소프트웨어 플랫폼에서 태스크 할당 장치가 응용 소프트웨어에 따라 태스크를 클러스터링하고, 클러스터링한 결과에 해당하는 클러스터링 코어를 선택하는 단계; 상기 클러스터링 코어가 포함하는 적어도 하나의 코어 중 특정 코어에 태스크를 할당하기로 결정하는 단계; 하드웨어 플렛폼에 위치하는 프로세스 코어가 태스크를 중앙 스위치에 전달하는 단계; 상기 중앙 스위치가 상기 클러스터링 코어가 포함하는 스위치에 상기 태스크를 전달하는 단계; 및 상기 클러스터링 코어가 포함하는 스위치가 상기 태스크를 상기 특정 코어에 할당하는 단계를 포함한다. In a software platform, a task allocation device clusters tasks according to application software and selects a clustering core corresponding to a result of the clustering; Determining to assign a task to a particular core of at least one of the cores included in the clustering core; Transferring a task to a central switch, the process core being located on a hardware platform; Transferring the task to a switch included in the clustering core; And a switch included in the clustering core assigns the task to the specific core.

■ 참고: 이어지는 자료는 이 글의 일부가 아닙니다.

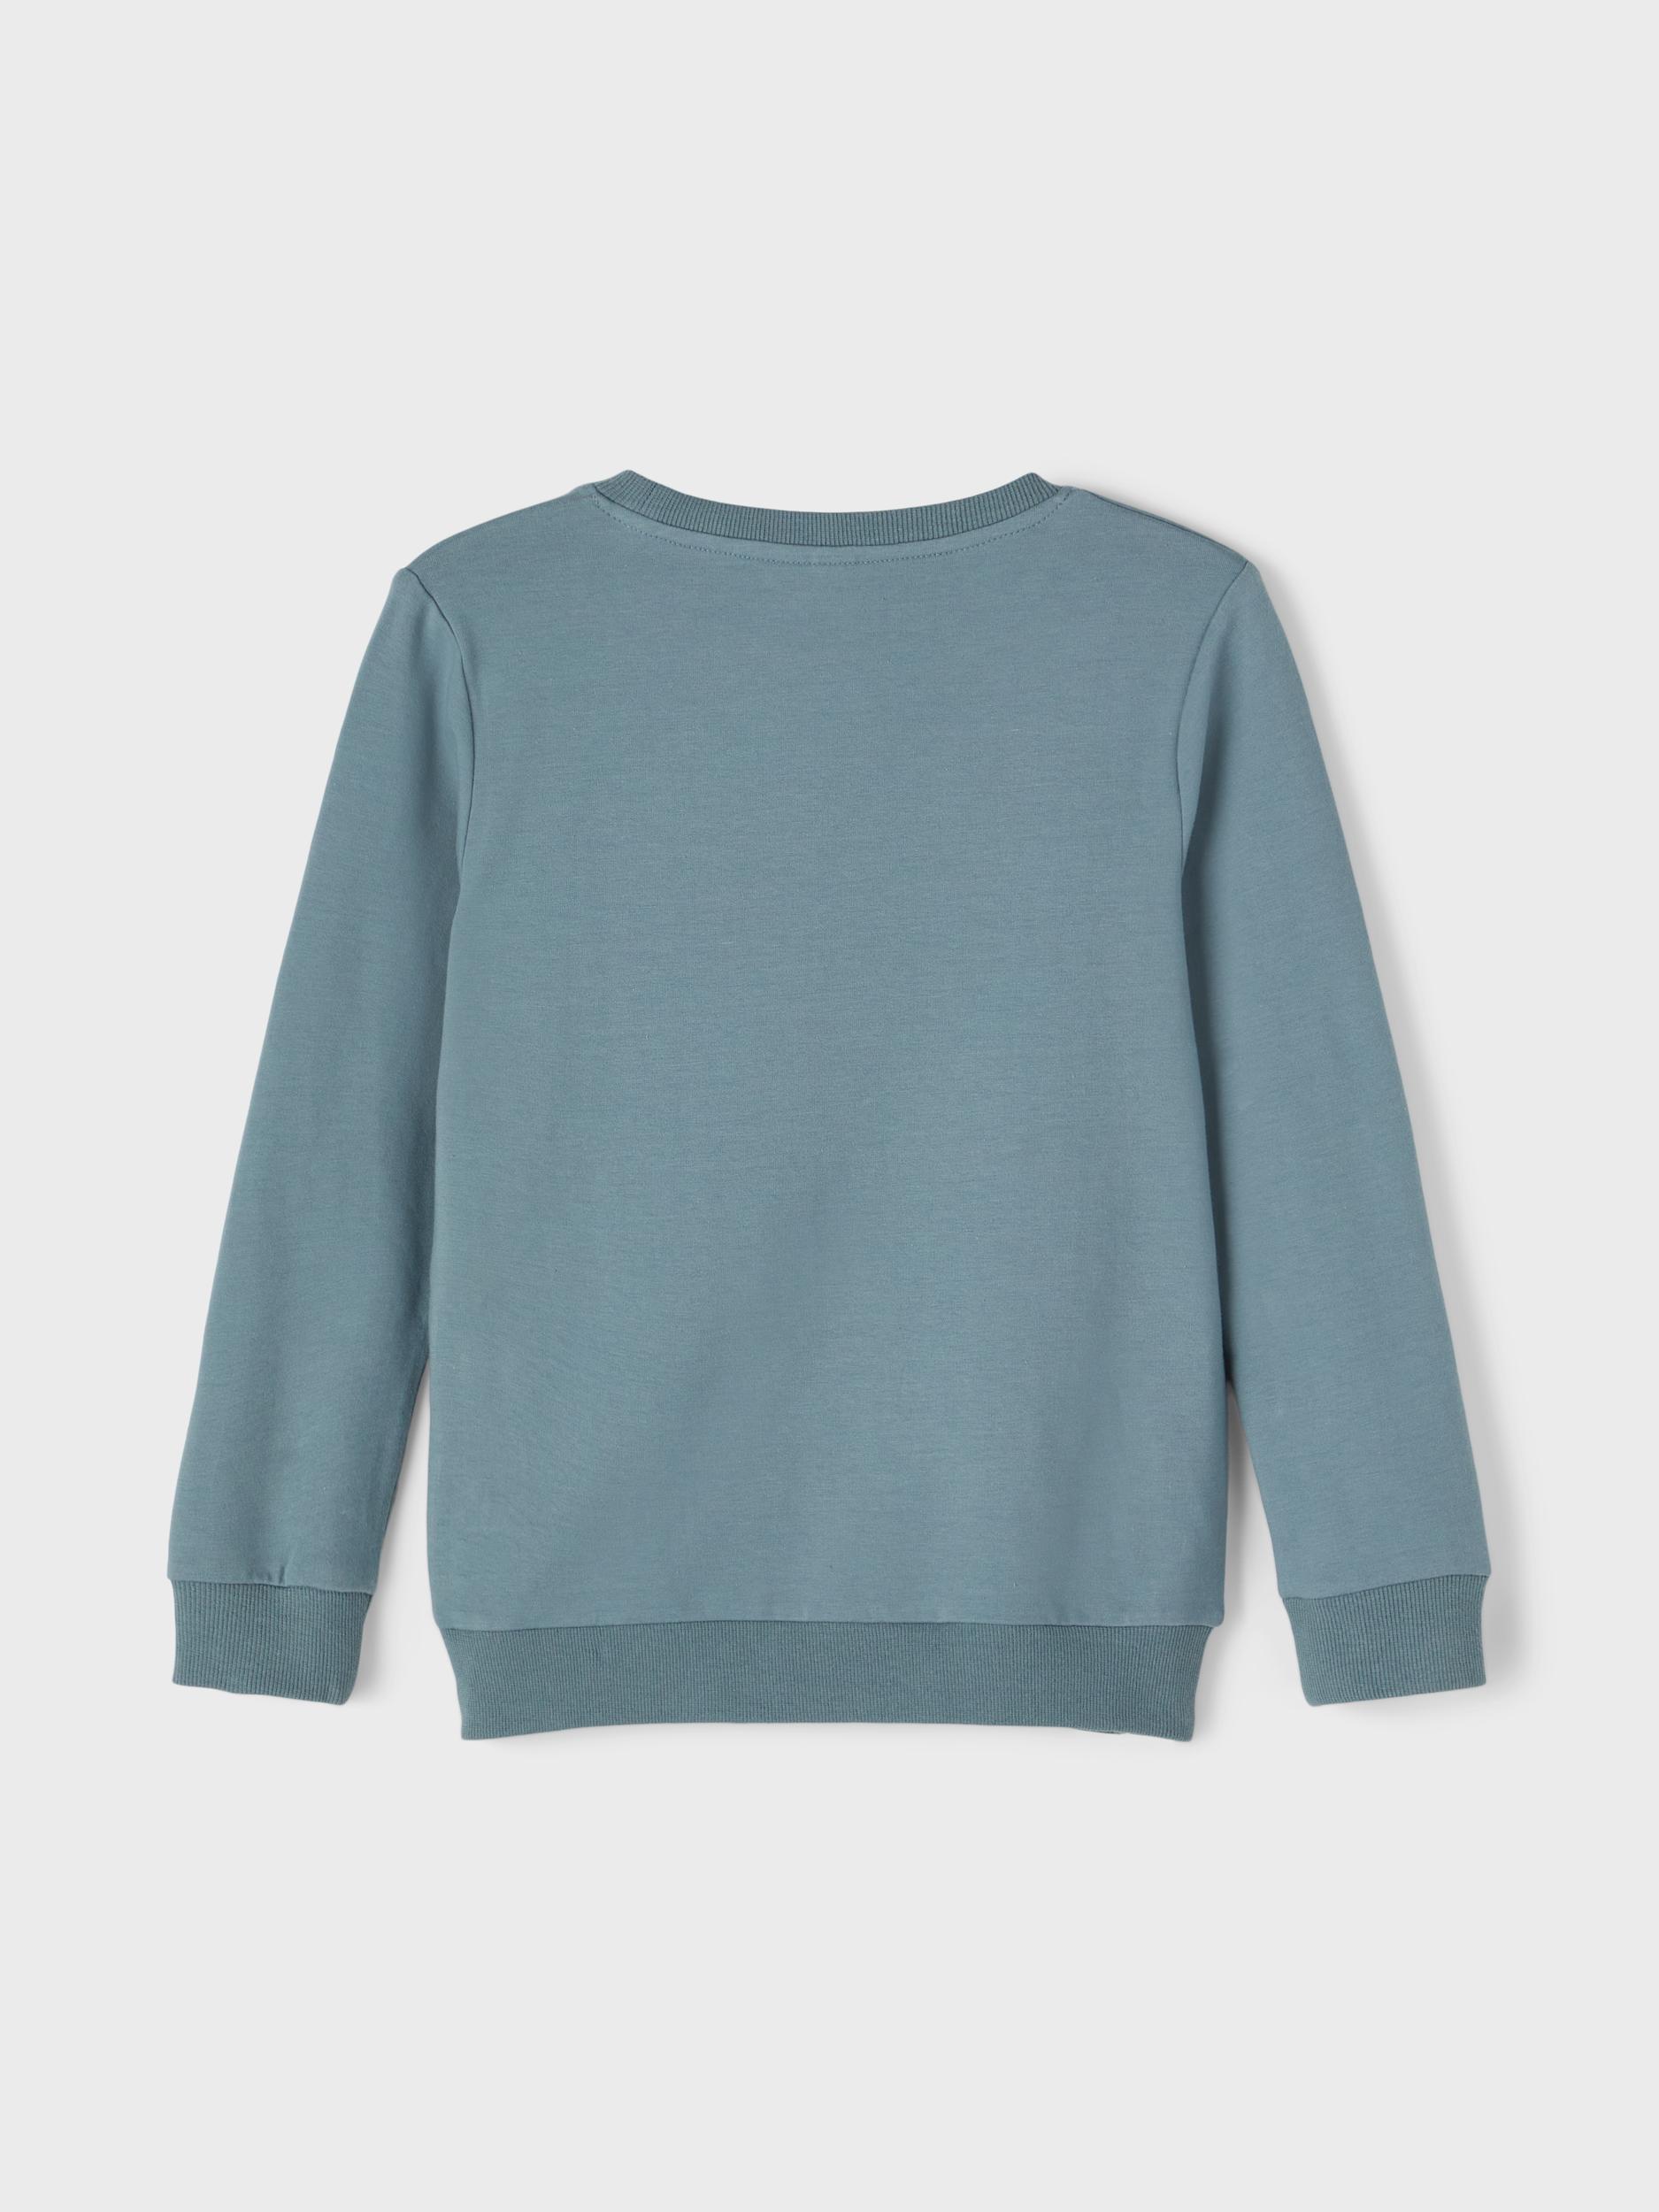 Name It Honk Sweatshirt, Trooper, 134-140

또한, 본 발명의 실시예에 따른 멀티 태스크 할당 장치는In addition, the multi-task assignment apparatus according to the embodiment of the present invention

소프트웨어 플랫폼에서 응용 소프트웨어가 동작함에 따라 생성한 태스크를 상기 응용 소프트웨어에 대응하게 클러스터링하는 클러스터링부; 및 클러스터링된 태스크를 상기 응용 소프트웨어에 대응하는 클러스터 코어에 할당하고, 상기 클러스터 코어에서 1-홉 만큼의 거리를 가지는 코어에 상기 클러스터링된 태스크를 할당하는 할당부를 포함한다. A clustering unit for clustering tasks generated by the application software in the software platform in correspondence with the application software; And an assigning unit for assigning the clustered task to a cluster core corresponding to the application software and assigning the clustered task to a core having a distance of one hop from the cluster core.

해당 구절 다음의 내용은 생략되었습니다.